Reacting masses

Let’s break down the questions and perform calculations step by step for each reaction.

Question 41: \( 2Li + F_2 \rightarrow 2LiF \)

a. Show that 31 g of Lithium produces approximately 115 g of lithium fluoride.

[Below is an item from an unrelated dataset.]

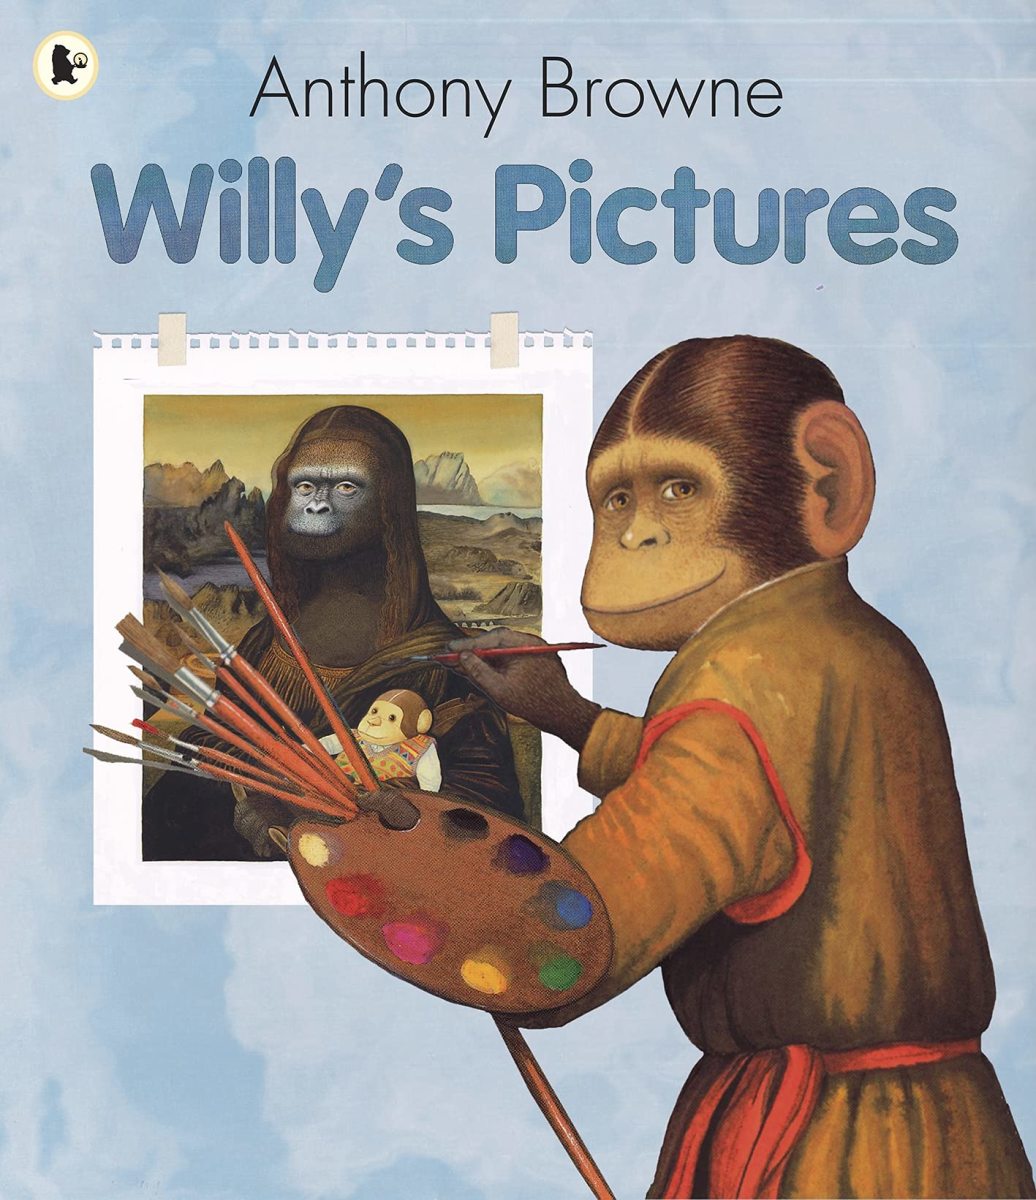 安东尼·布朗的《威利的图画》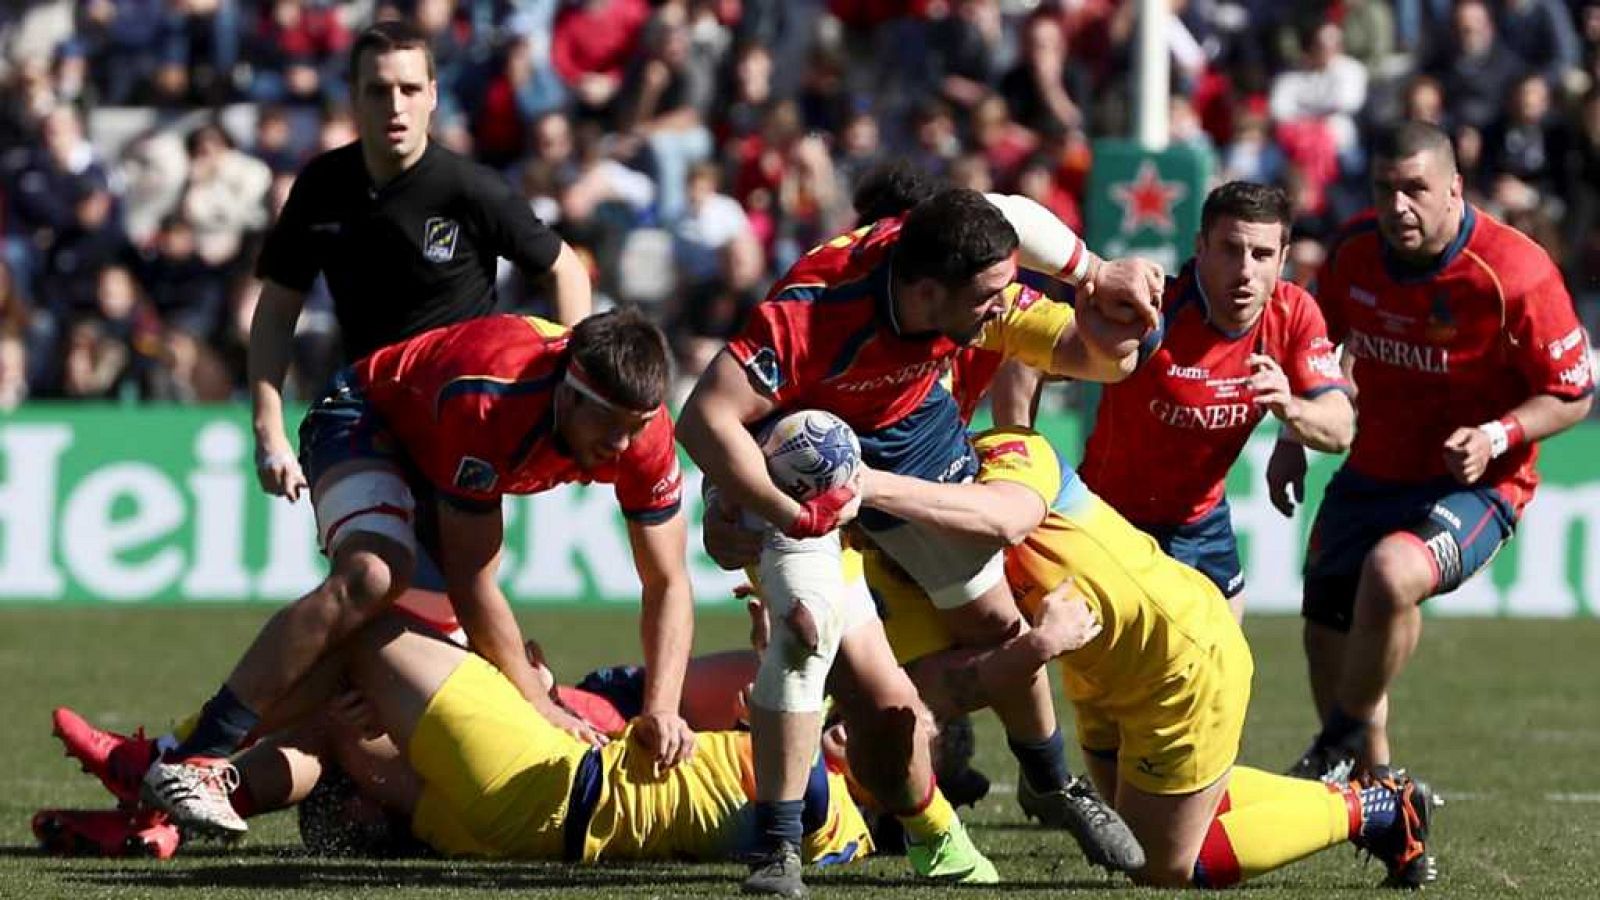 Rugby - España vs. Rumania - Completo

1. Molar mass of Li = 6.94 g/mol

   • \( \text{Moles of Li} = \frac{31 \text{ g}}{6.94 \text{ g/mol}} \approx 4.47 \text{ moles of Li} \)

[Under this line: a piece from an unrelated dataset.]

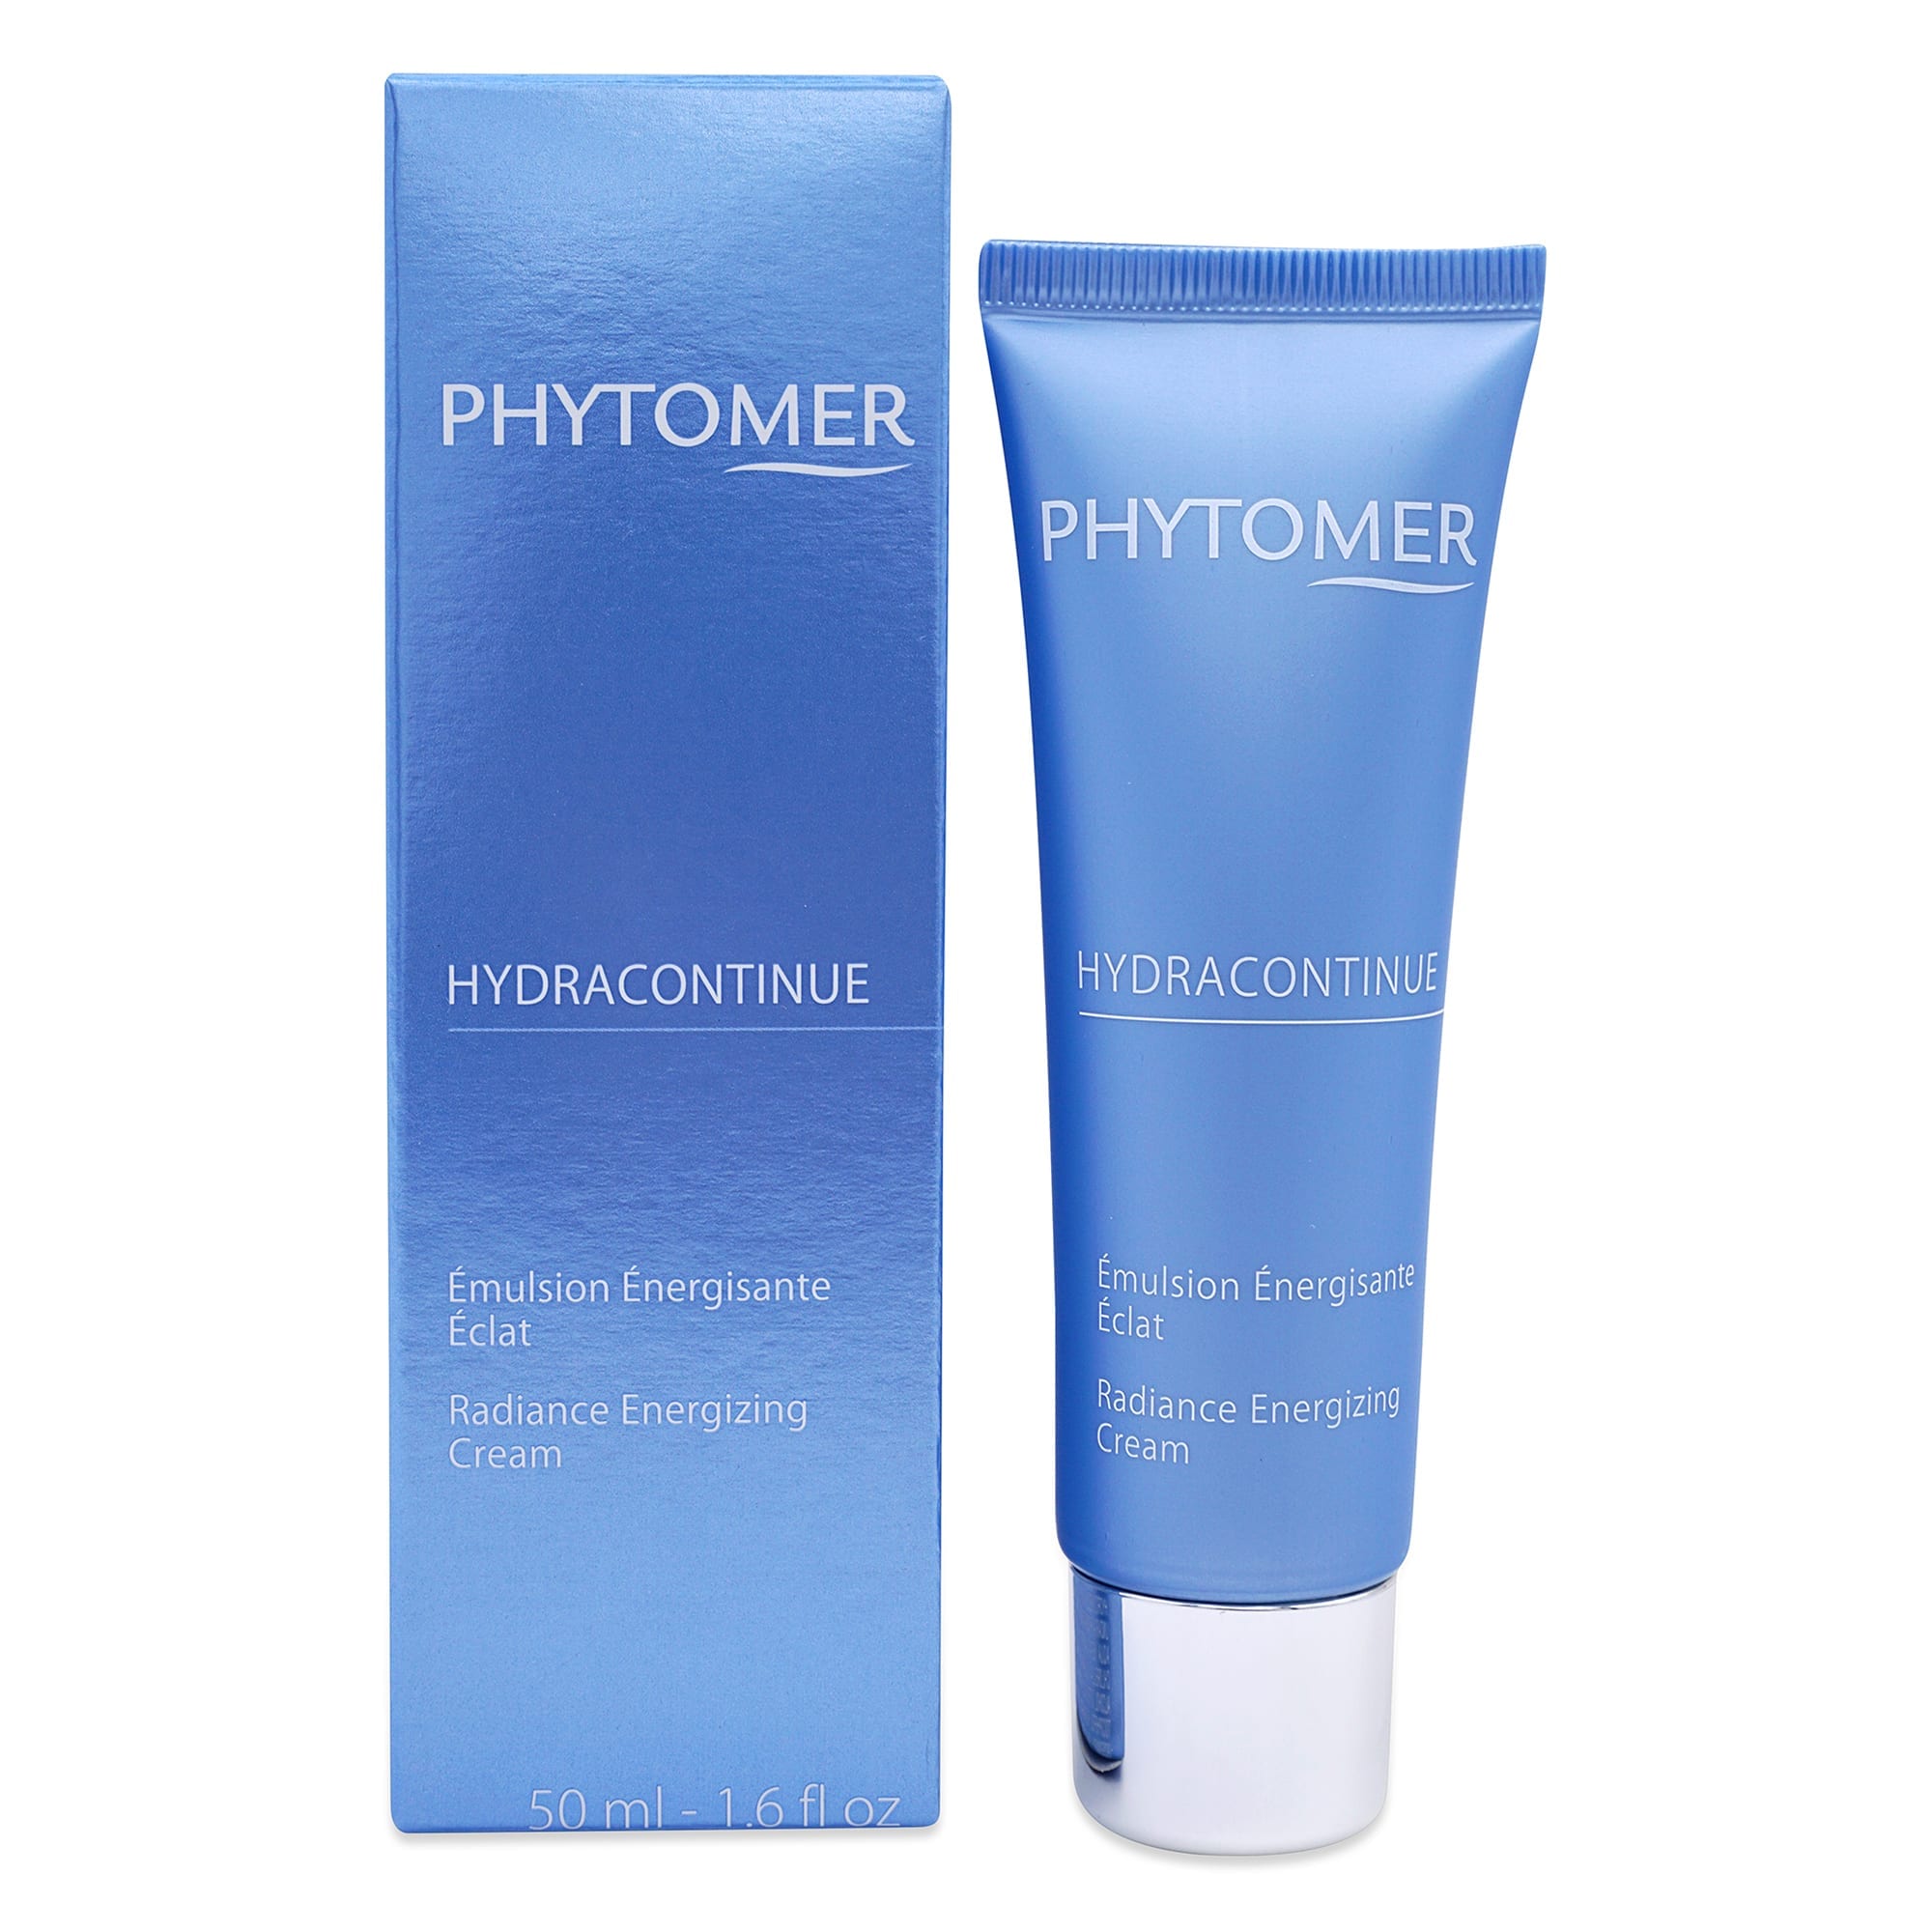 Phytomer Hydracontinue Radiance Energizing Cream, 1.6 oz.

2. According to the equation, 2 moles of Li produce 2 moles of LiF.

   • Therefore, 4.47 moles of Li will produce 4.47 moles of LiF as well.

3. Molar mass of LiF (Li = 6.94 + F = 19.00) = 25.94 g/mol

   • \( \text{Mass of LiF} = 4.47 \text{ moles} \times 25.94 \text{ g/mol} \approx 115.06 \text{ g} \)

Conclusion: 31 g of Lithium produces approximately 115 g of lithium fluoride.

b. Show that 90 g of fluorine produces approximately 123 g of lithium fluoride.

1. Molar mass of F2 = 38.00 g/mol (F = 19.00 g/mol, so F2 = 19.00*2)

   • \( \text{Moles of F2} = \frac{90 \text{ g}}{38.00 \text{ g/mol}} \approx 2.37 \text{ moles of F2} \)

2. From the equation, 1 mole of F2 produces 2 moles of LiF.

   • Moles of LiF produced = 2 × 2.37 = 4.74 moles of LiF.

3. \( \text{Mass of LiF} = 4.74 \text{ moles} \times 25.94 \text{ g/mol} \approx 122.99 \text{ g} \)

Conclusion: 90 g of fluorine produces approximately 123 g of lithium fluoride.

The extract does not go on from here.